BR2 lifting operators only for boundary elements

[hughcars]

Weakly imposing boundary conditions for FEM can give super convergence in output functionals, coming from the adjoint consistency. To do this, one approach is the SIP/Nitsche penalty style face integrals. These work, but then the complexity becomes the choice of the penalization parameter, which is ad-hoc at best.

An alternative is Bassi and Rebay's second scheme, which computes lifting operators that are used to weight the jump term. The stability criterion then becomes eta >= nfaces, which can be easily verified. Lifting operators can also be used on boundary elements, and make for excellent weak boundary condition enforcement.

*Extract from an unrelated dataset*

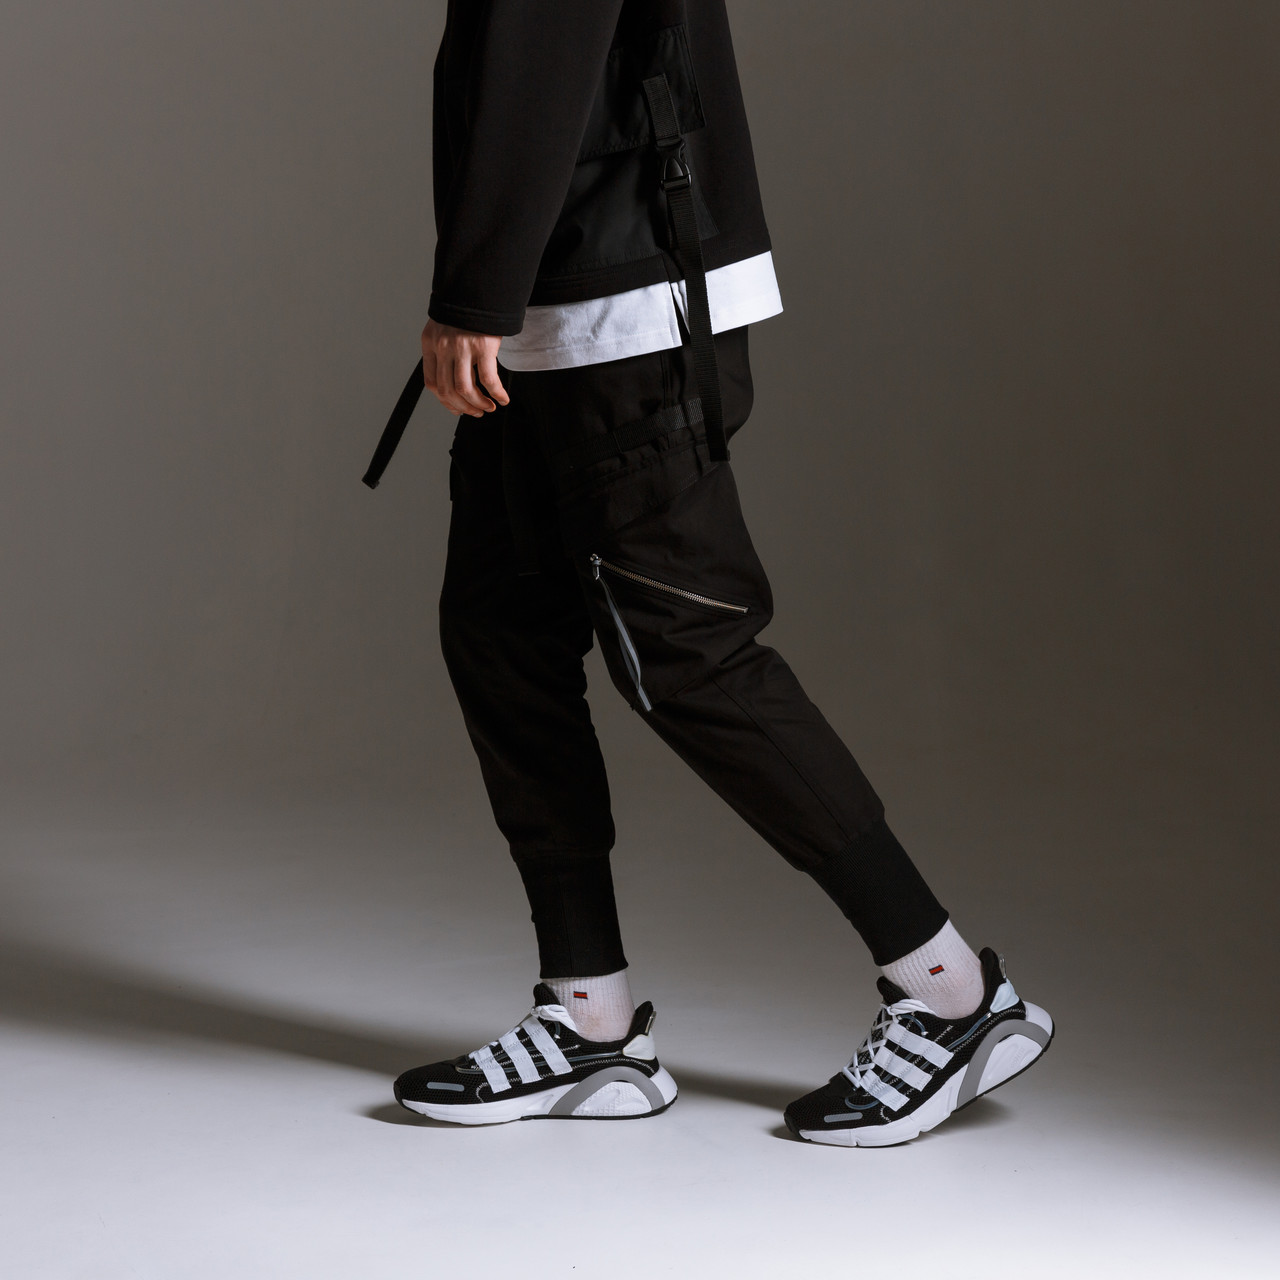 Штаны карго мужские черные бренд ТУР модель Барака (Baraka) TУRWEAR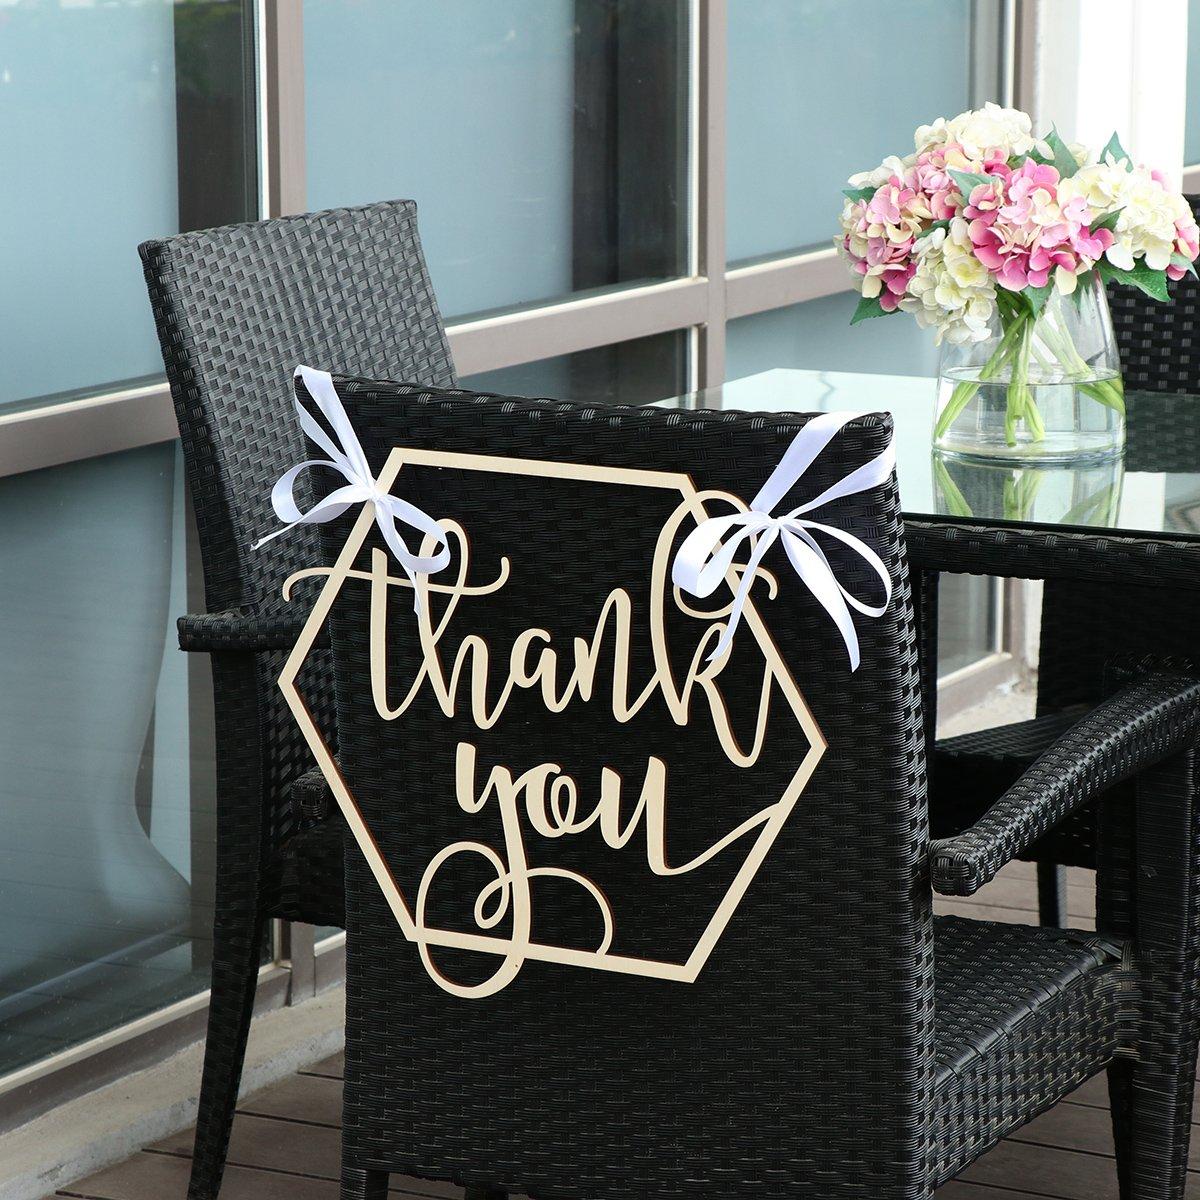 BESTOYARD Wedding Chair Banner Thank You Wood Sign Wedding Photo Booth Prop Wedding Party Decoration by BESTOYARD (Image #8)

The extra upside is they can be computed for the cost of an elemental mass matrix inversion per element, and given their linearity, statically condensed so as to never appear in the global solve.

To introduce them in mfem, would require the ability to define a volume field, defined only in elements attached to boundaries, and with only one vector field per boundary face. Alternatively, these variables can never be computed and only used via the static elimination form. This would then mean construction of an operator that incorporates an elemental mass matrix inversion.

[pazner]

Hi @hughcars, perhaps DGDiffusionBR2Integrator will be close to what you need? You can add this integrator only to the boundary faces using BilinearForm::AddBdrFaceIntegrator.